Thanks for any opinions/ experience.


----------



## icanhaschzbrgr (Jul 1, 2017)

I sharpened them and rehandled one for a friend. They are exactly what you said: some kind of mixture between German knives and Japanese. 
HT seems to be well made, as they don't chip that easy and hold edge for a while. Thick behind the edge compared to most Japanese knives I've seen. PITA to rehandle due to freaky tang shape. That's all I can add.


----------



## Nemo (Jul 1, 2017)

Thanks.


----------



## parbaked (Jul 3, 2017)

I have the 8" carving knife but i only use it for roasts. It's short so I'm less likely to stab a guest if I've been drinking.
It's good steel, hardened to 61-62 and takes a mean edge. IMO much better than Shun.
The maker is Sumikama Cutlery, who are know for making good steel.
I think the steel is better than the grind.
The knives aren't thick (tapering from 2.0mm down to 1.0mm near tip) but the bade is very stiff.
The carver feels handle heavy and a bit clumsy and not much feedback. 

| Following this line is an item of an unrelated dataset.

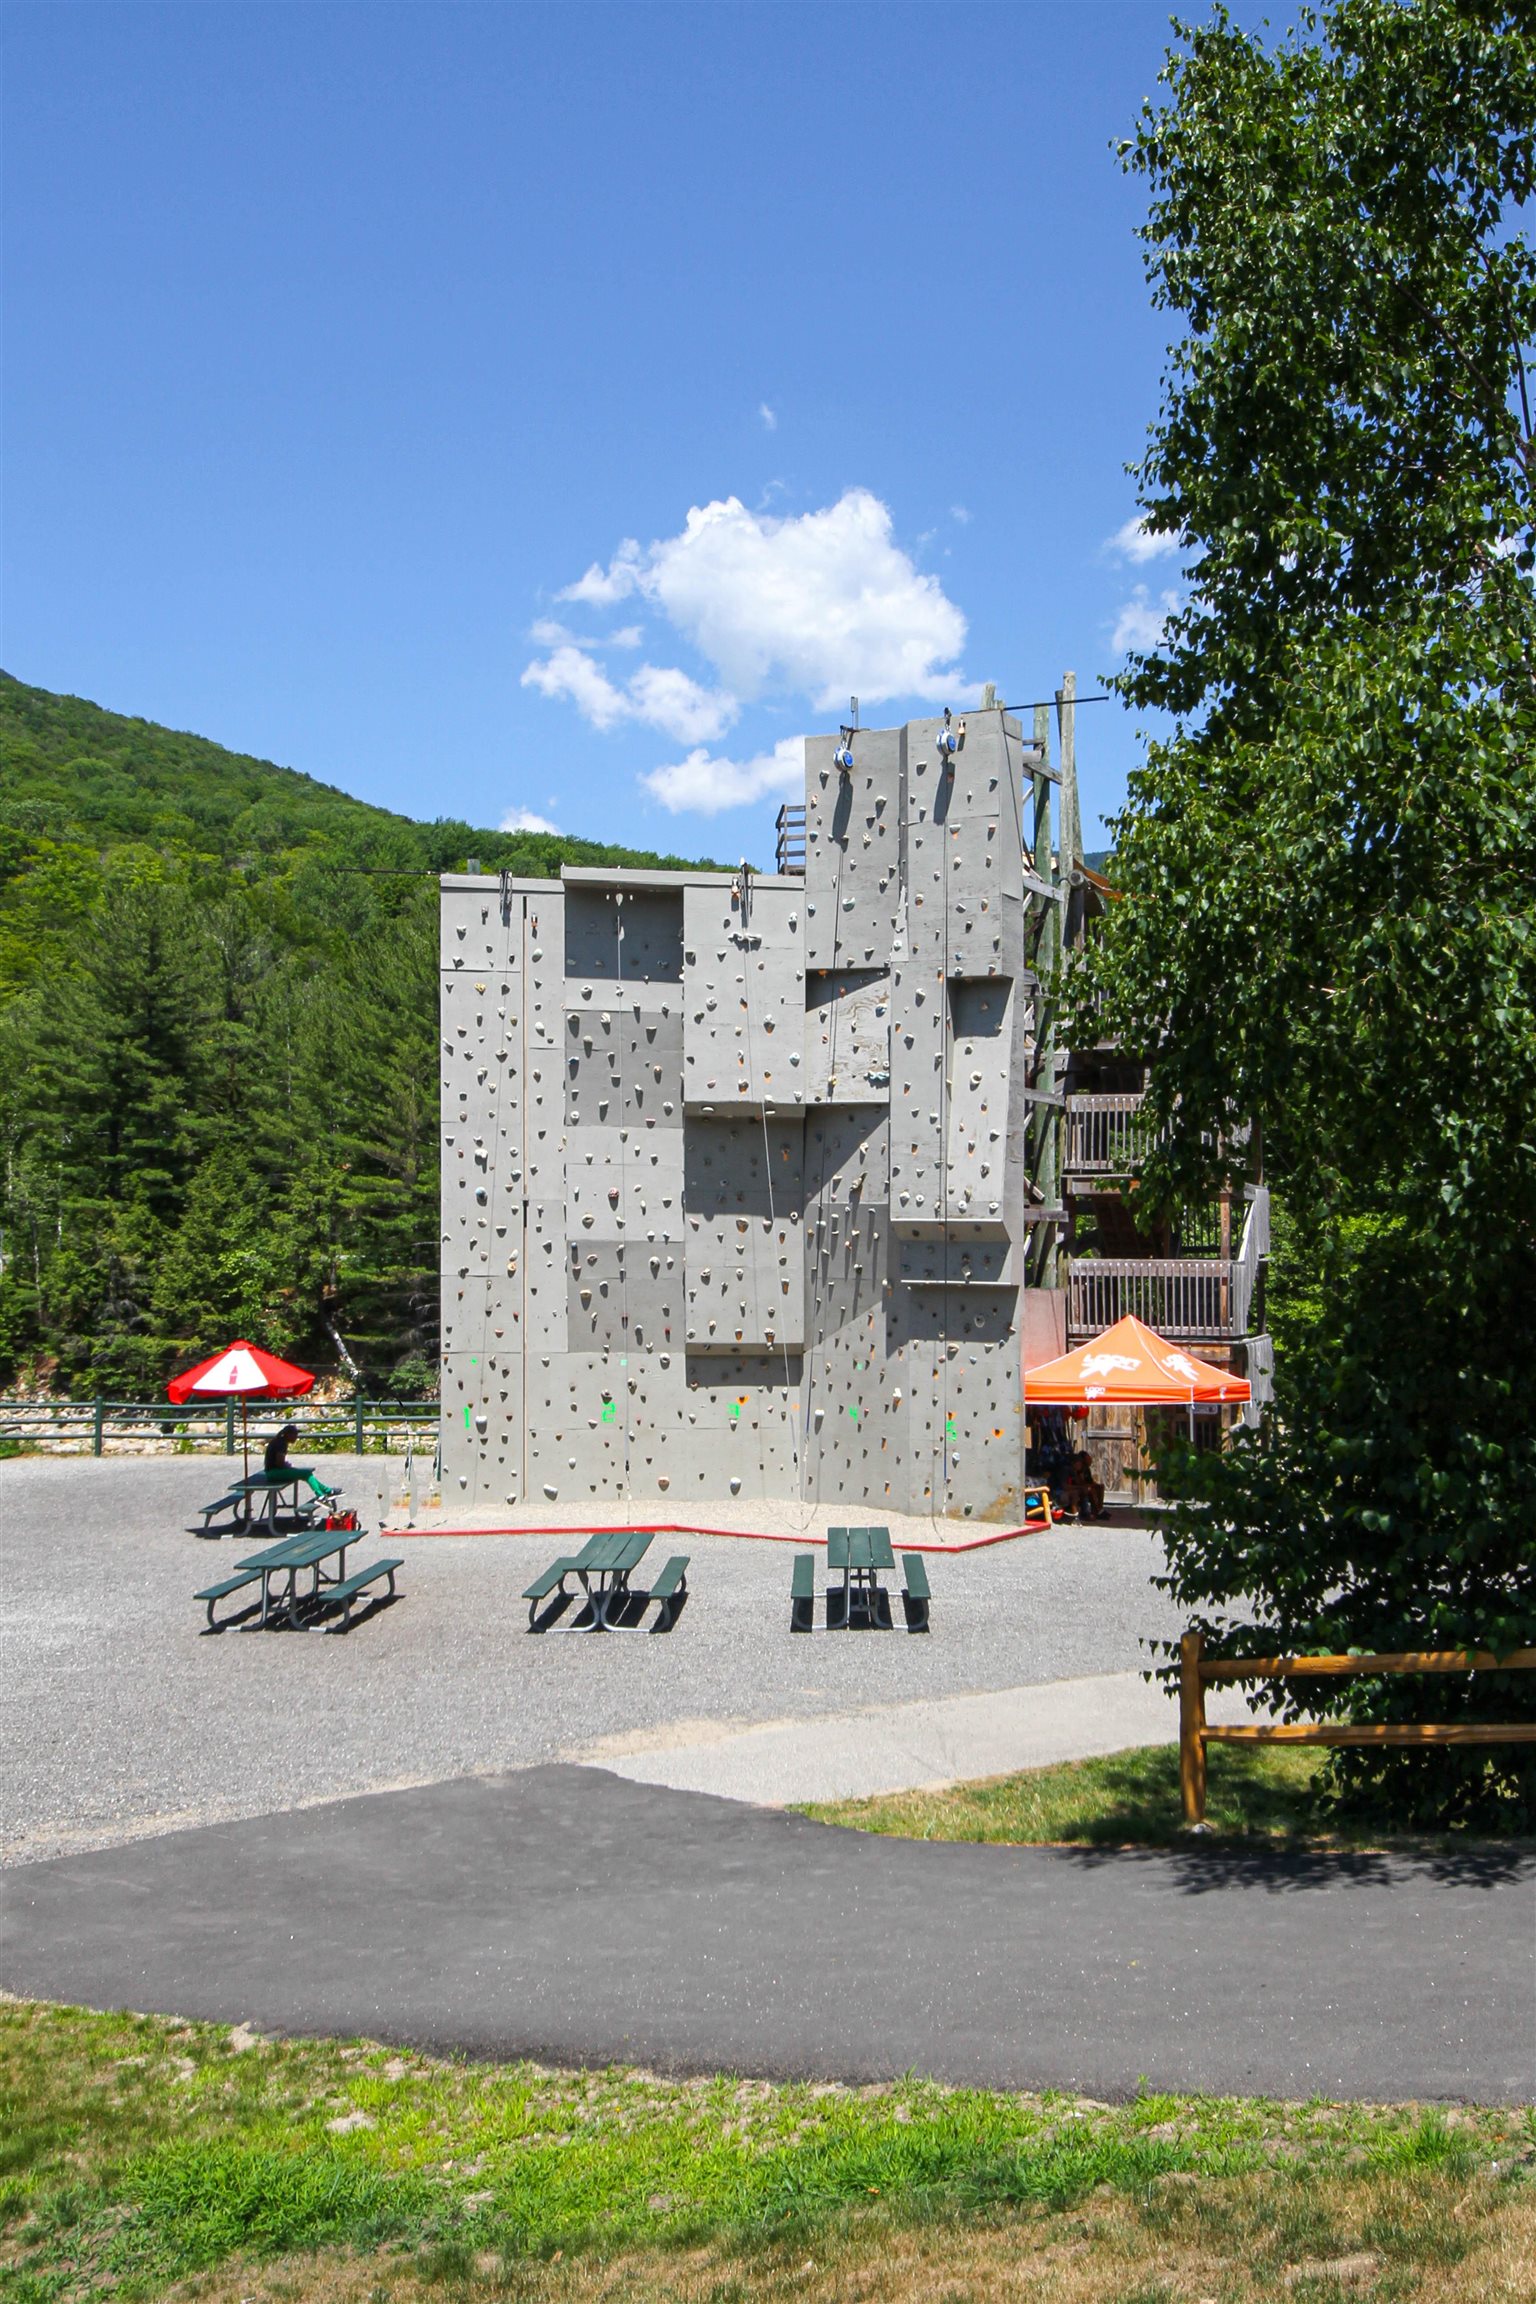 One of the many activities available at Loon Mountain.  Ski, Snowboard, Mountain Bike, Rock Wall Climbing, Zipline, Gondola Ride, Disc Golf, Yoga, Cross-Country Ski, E-Bike, Hike, Lessons and Rentals.

So to answer your question, if your friend enjoys cutting and likes handmade stuff he/she might well enjoy a handmade knife with a bit more 'soul'....I know I do.


----------



## Nemo (Jul 3, 2017)

parbaked said:


> I have the 8" carving knife but i only use it for roasts. It's short so I'm less likely to stab a guest if I've been drinking.
> It's good steel, hardened to 61-62 and takes a mean edge. IMO much better than Shun.
> The maker is Sumikama Cutlery, who are know for making good steel.
> I think the steel is better than the grind.
> ...



Thanks parbaked.


----------



## qjlforever (Jul 27, 2017)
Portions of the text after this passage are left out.